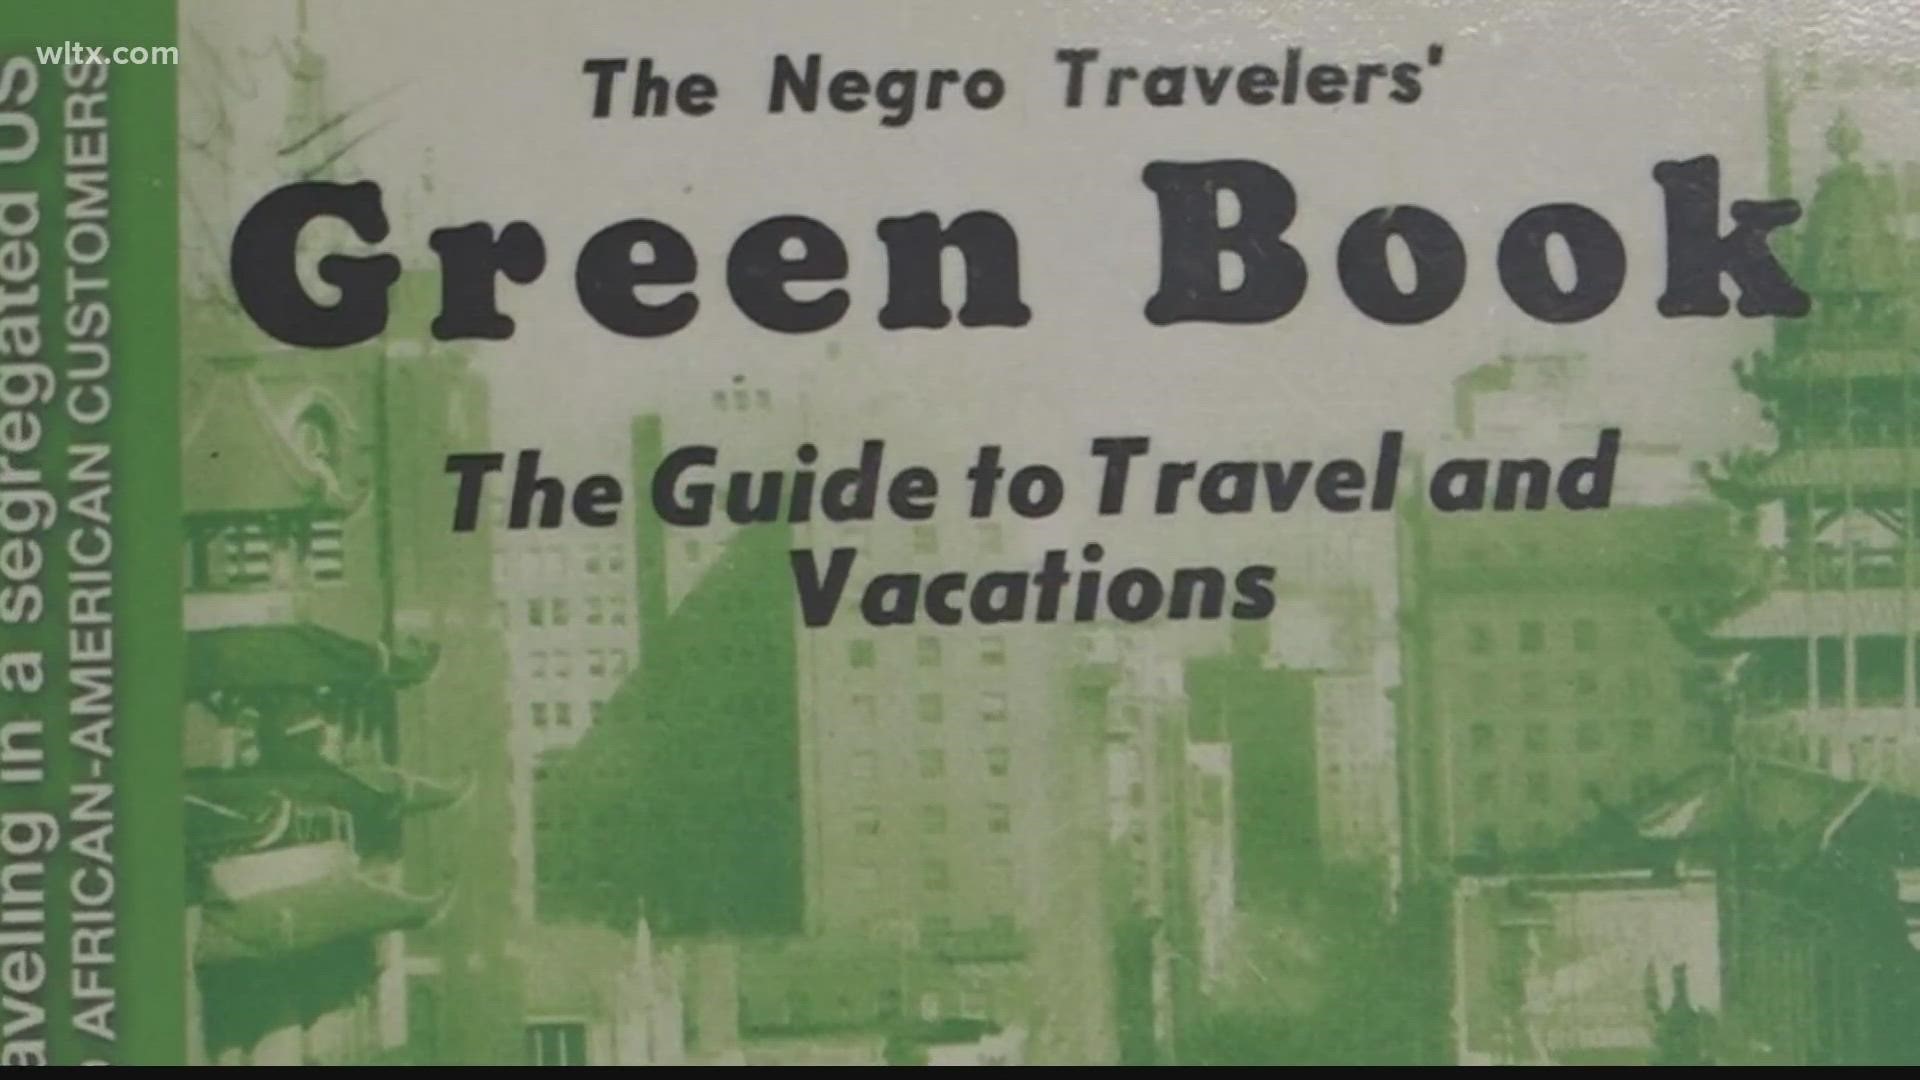 Green Book becomes historic guide to South Carolina | wltx.com
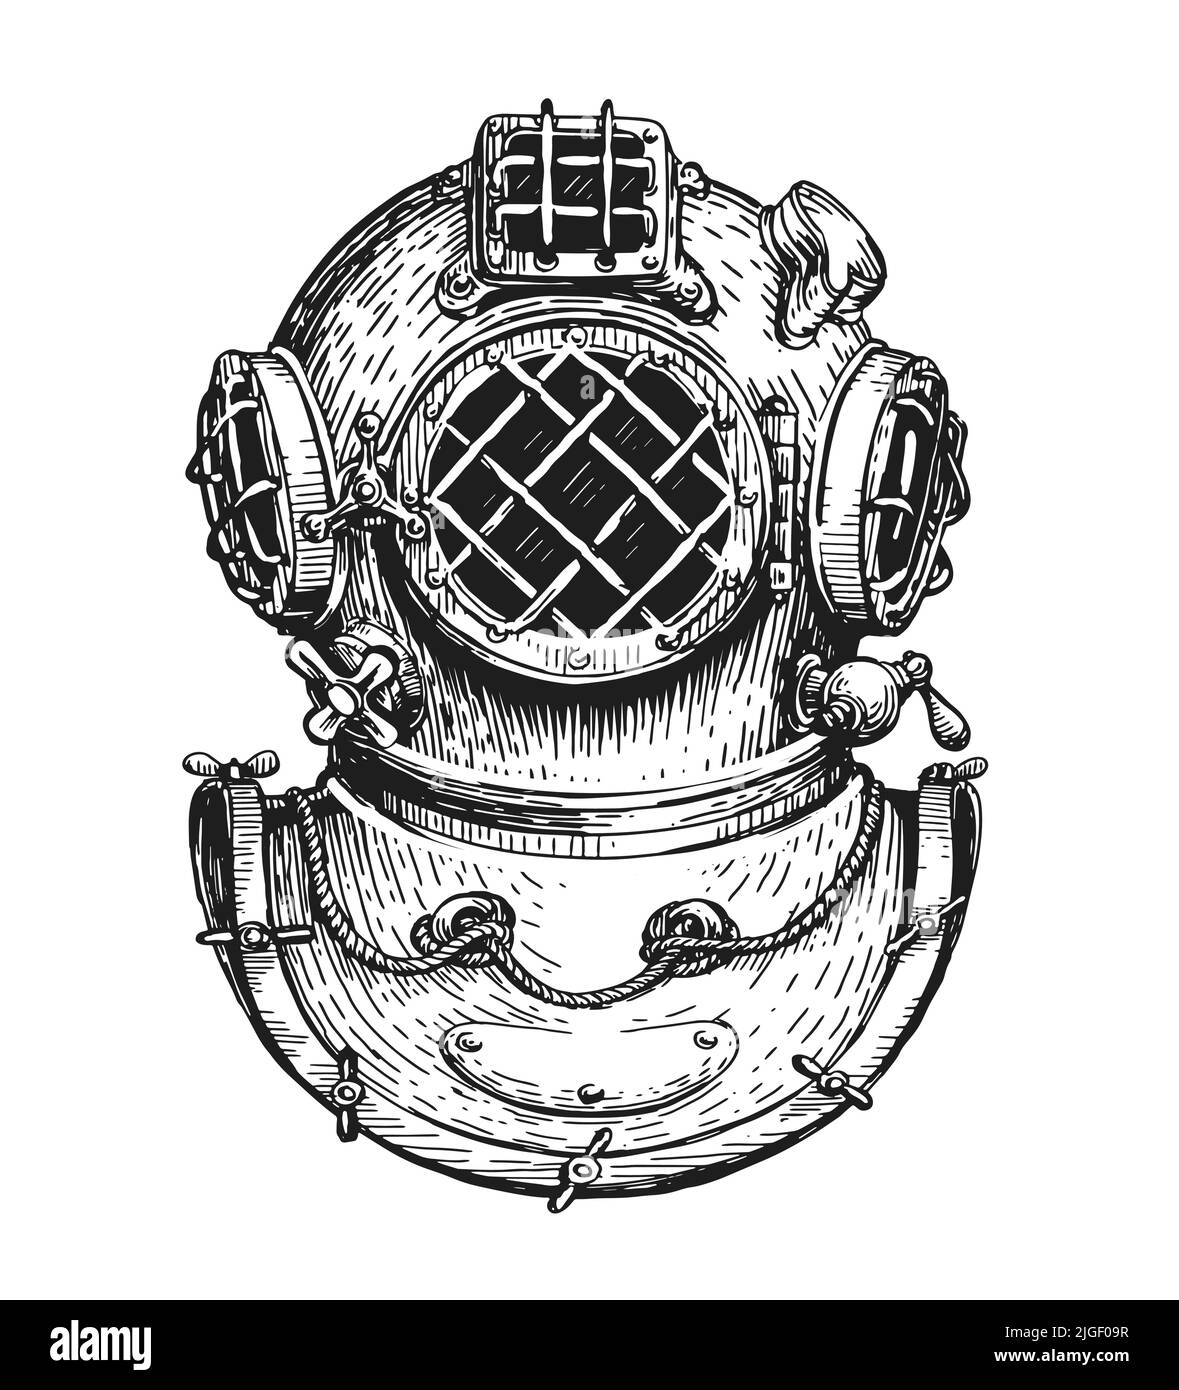 Disegno del casco vintage subacqueo. Concetto di immersione in mare. Illustrazione vettoriale nautica disegnata in vecchio stile di incisione Illustrazione Vettoriale
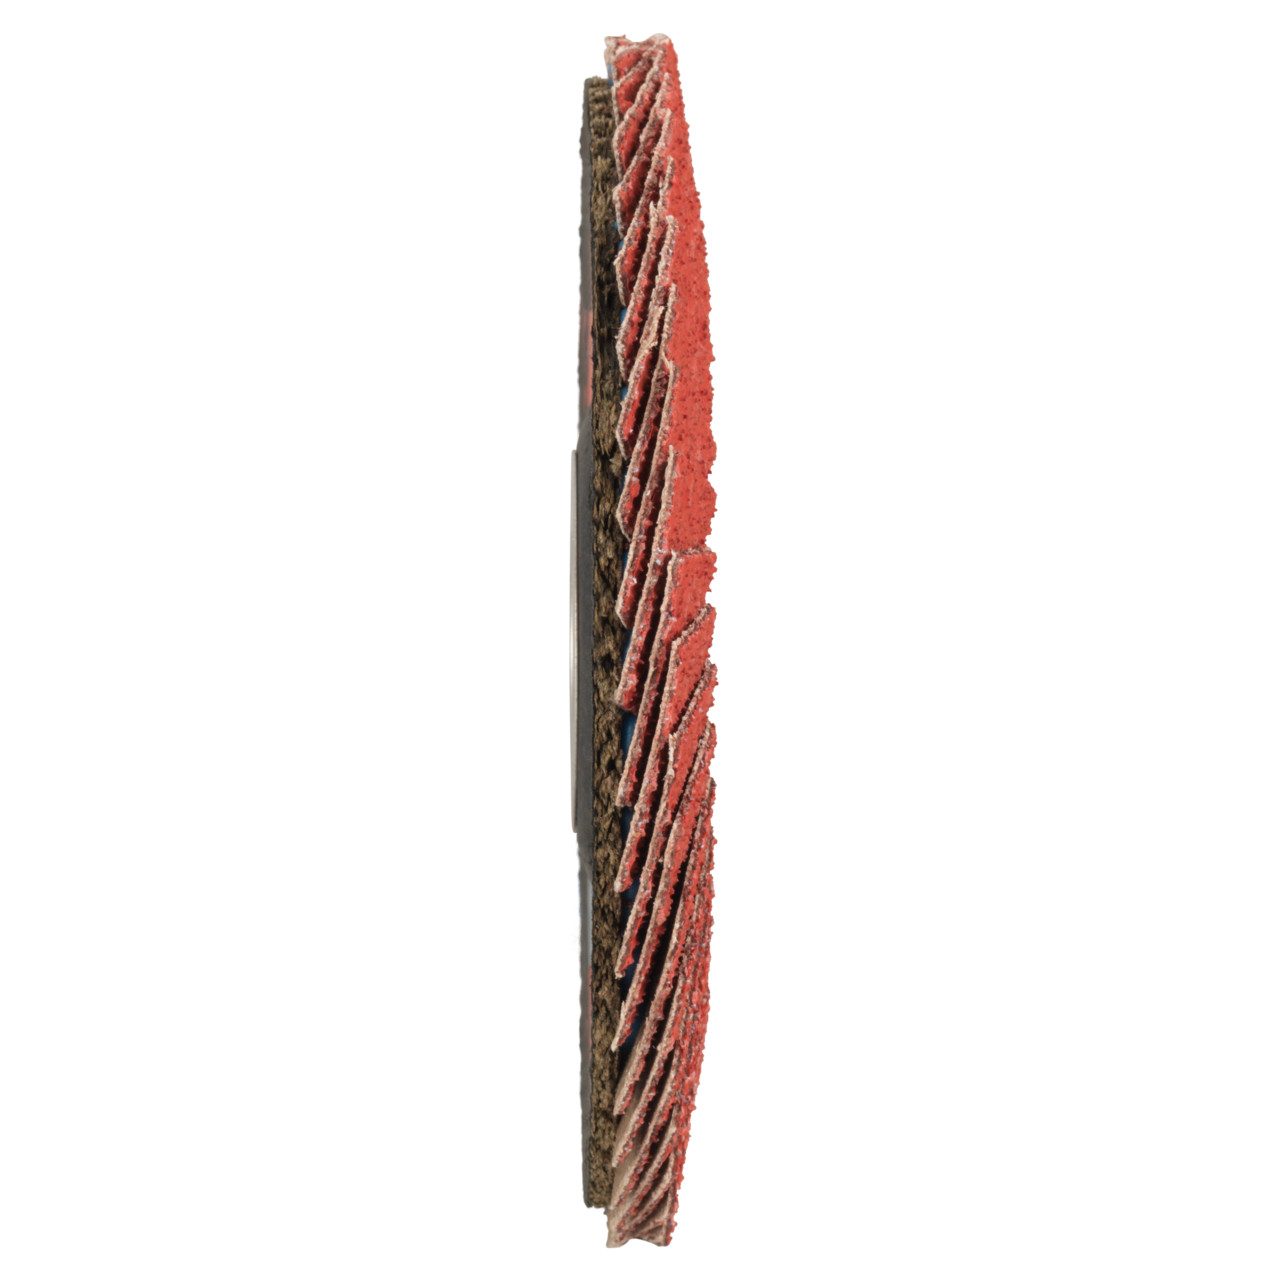 Tyrolit Getande borgring DxH 115x22,2 CERAMIC voor roestvrij staal, P40, vorm: 27A - slingerontwerp (glasvezeldragerhuisontwerp), Art. 645130

───

» **Goal of the exercise**
Transcribe the listing exactly. Its images are to be omitted.

» **Solution to this problem**
 Green Book becomes historic guide to South Carolina | wltx.com
 Disegno del casco vintage subacqueo. Concetto di immersione in mare. Illustrazione vettoriale nautica disegnata in vecchio stile di incisione Illustrazione Vettoriale
 Tyrolit Getande borgring DxH 115x22,2 CERAMIC voor roestvrij staal, P40, vorm: 27A - slingerontwerp (glasvezeldragerhuisontwerp), Art. 645130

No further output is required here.